Second, we also implement a contextual minimap (Fig. 11) that extends the fanovaGraph sensitivity analysis chart [17]. It is a graph in a circular layout that captures all first- and second-order Sobol indices of either the whole function or any arbitrary function slice. We furthermore use two palettes, one for darker and one for lighter colors. The area of the darker inner circle within each variable’s node is proportional to its first-order effect, while the lighter outer circle encodes its higher-order effect. The same applies to the curved arcs connecting two nodes for order-2 indices using the width instead of area.
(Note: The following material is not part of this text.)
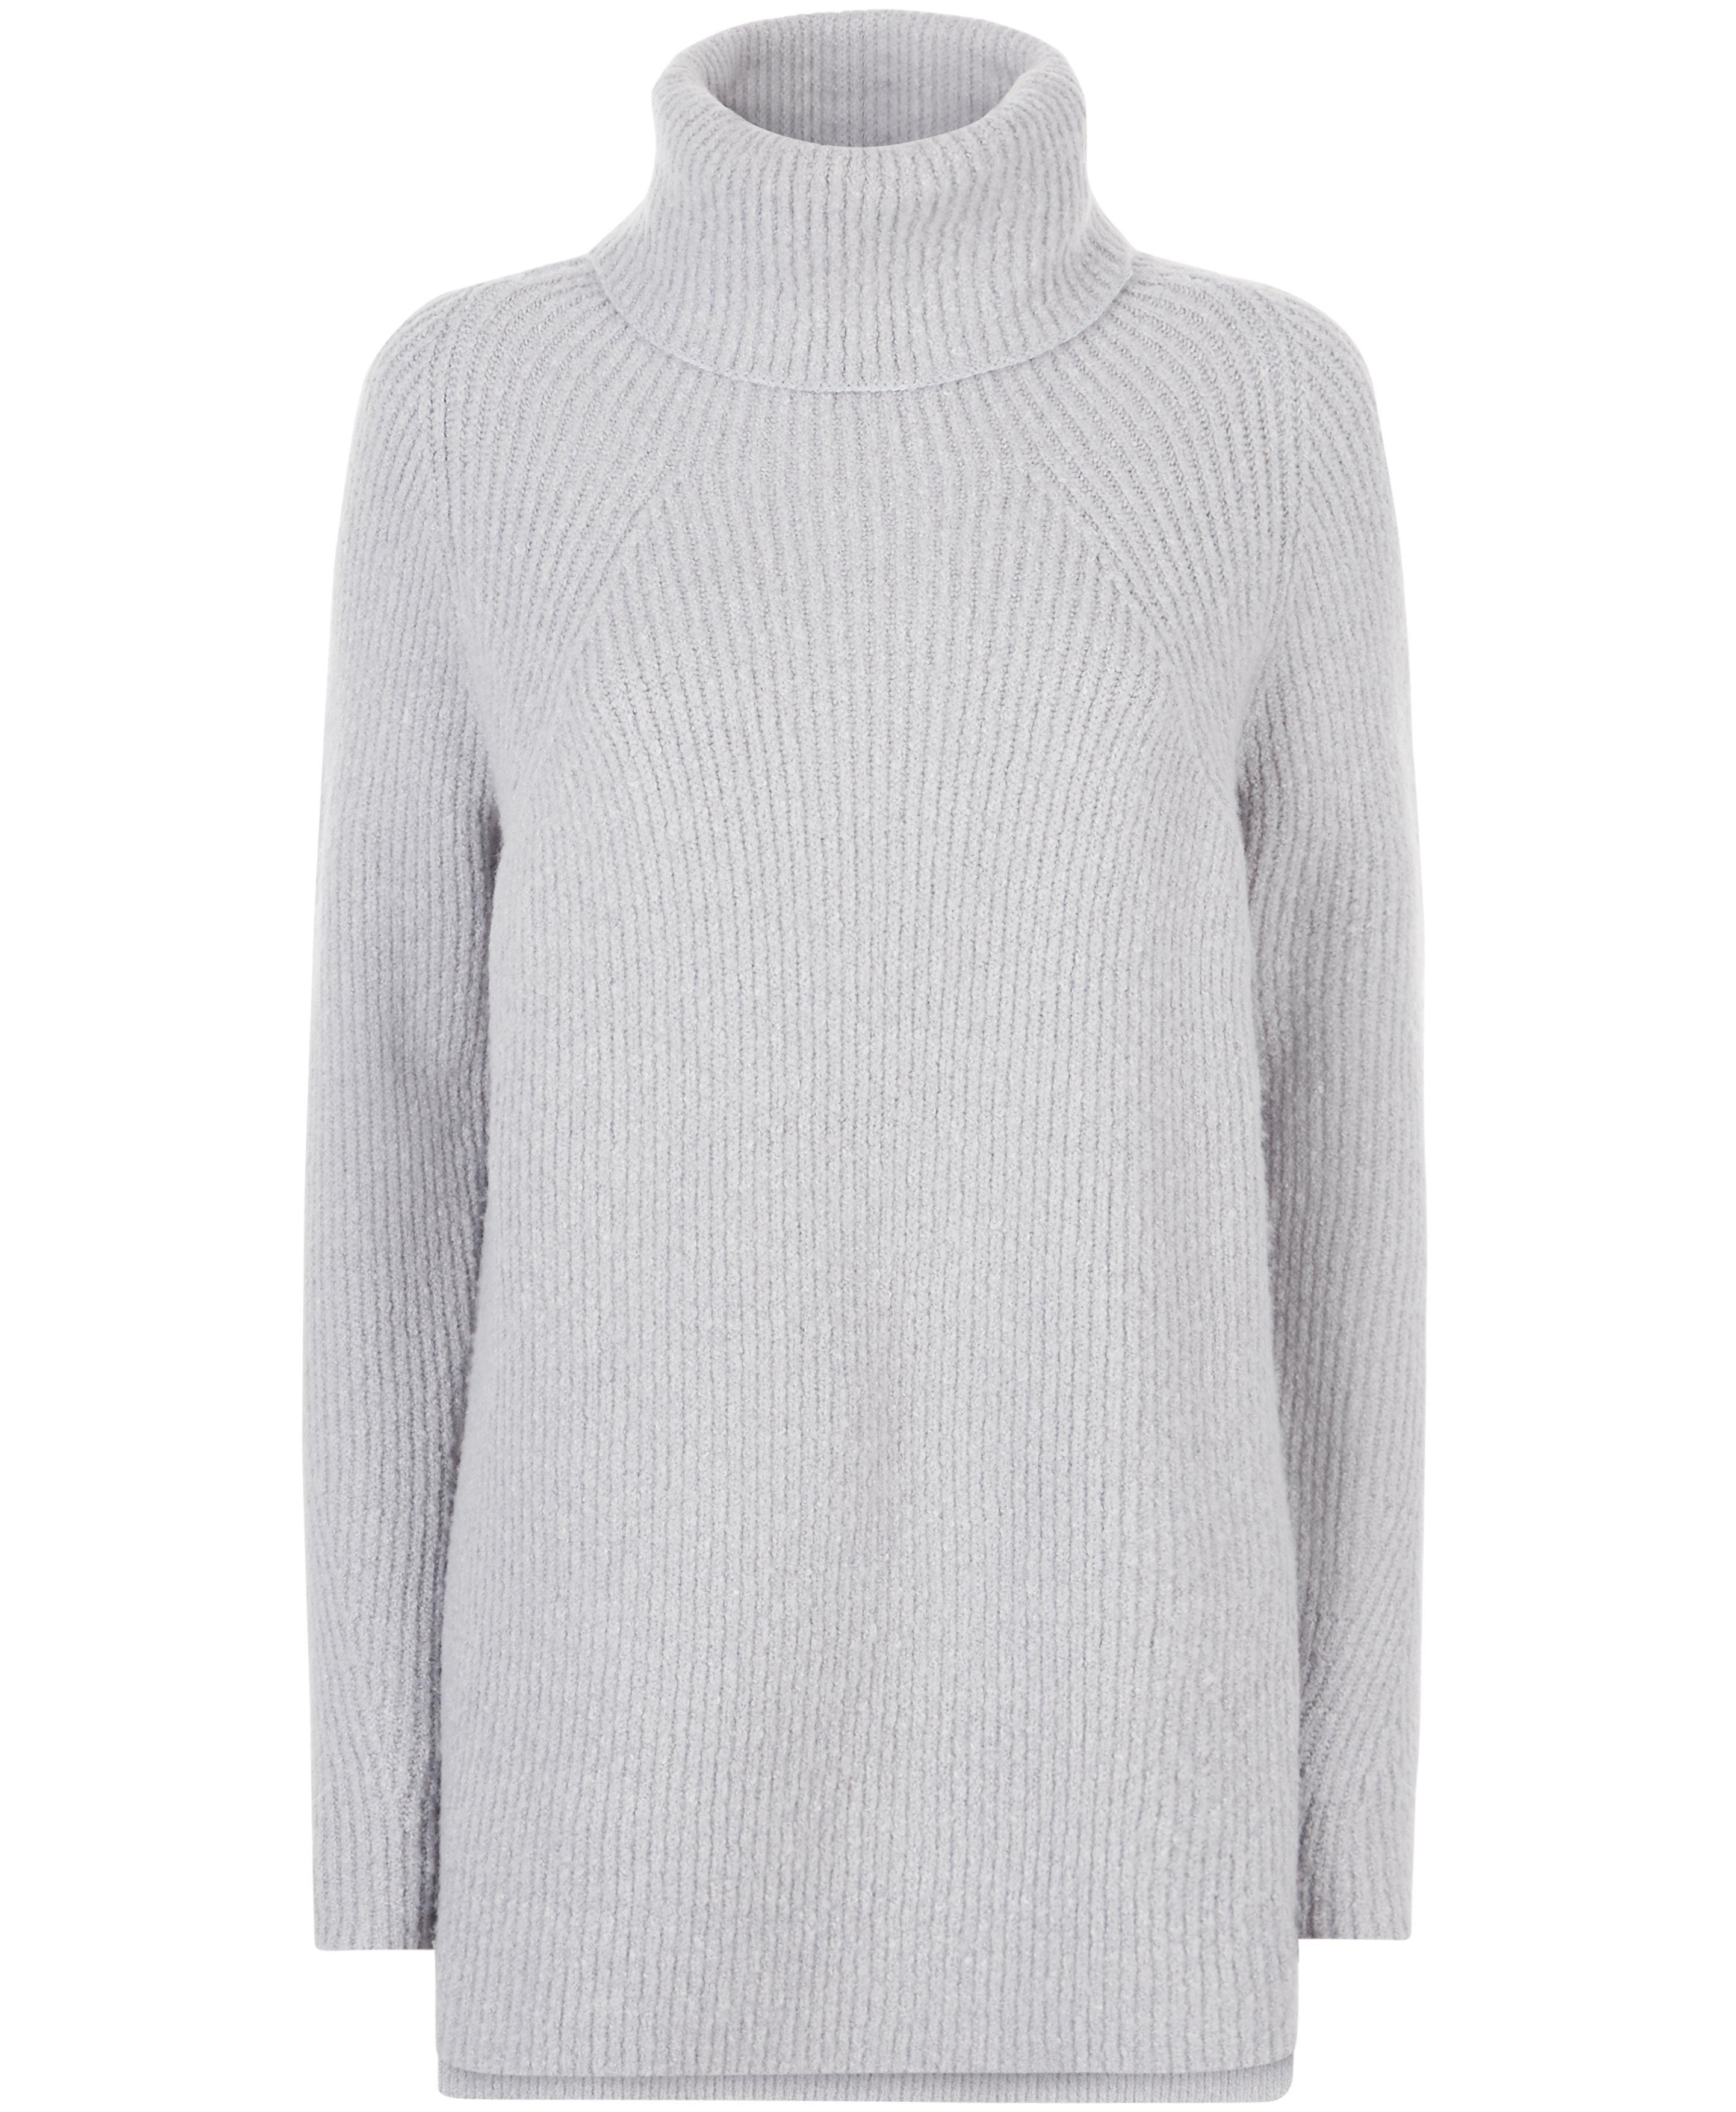 shakti knitted jumper
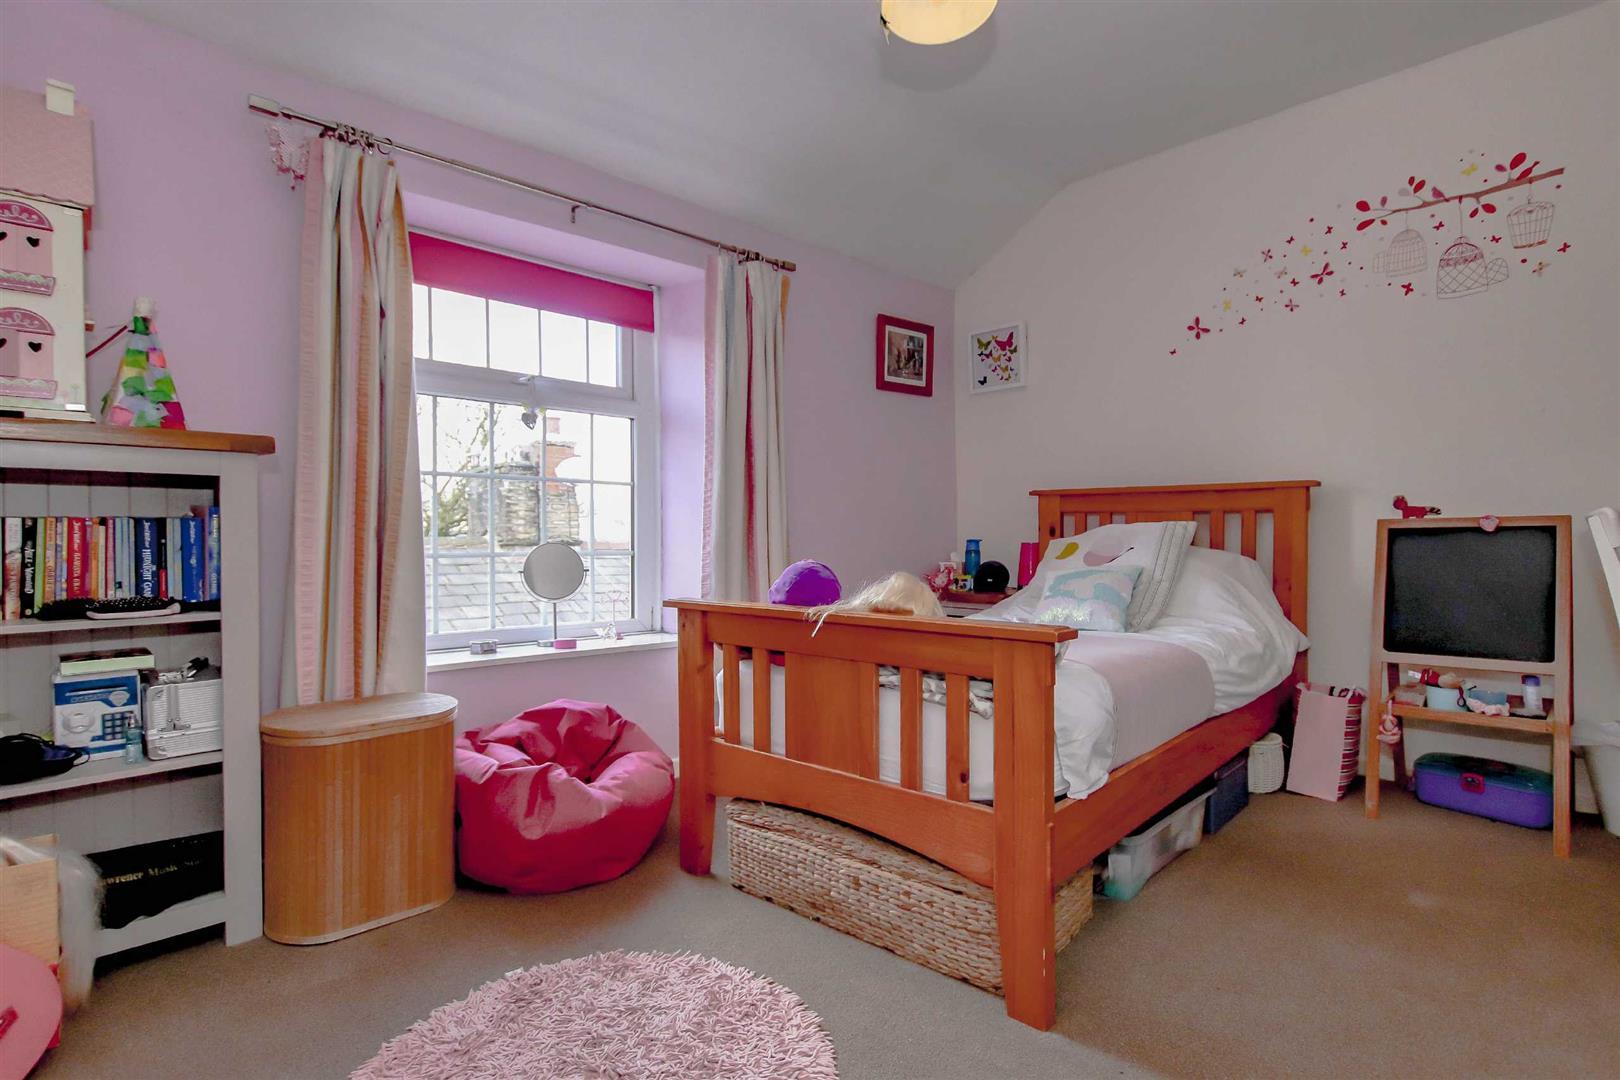 4 Bedroom Detached House For Sale - p033686_09.jpg

We can see in Fig. 11 that the most influential variables (larger graph nodes) are the elbow angles, and that the strongest interactions (wide arcs) occur between these variables. Note that, since \(\phi _1\) has no effect, its node is just a point (circle of radius zero).
6.5 Damped oscillator
Third, we consider an 8D physical model known as the Damped Oscillator [16]. It models a primary mass \(m_p\) connected to a wall by a spring and to a secondary mass \(m_s\) by another spring. The system is subject to a white-noise impulse of strength \(S_0\) and the model output is the peak force experienced by the secondary spring (the higher this force, the more likely the system is to fail). The other variables are the spring stiffnesses \(k_p\) and \(k_s\), the damping rates \(z_p\) and \(z_s\), and the force capacity of the secondary spring \(F_s\).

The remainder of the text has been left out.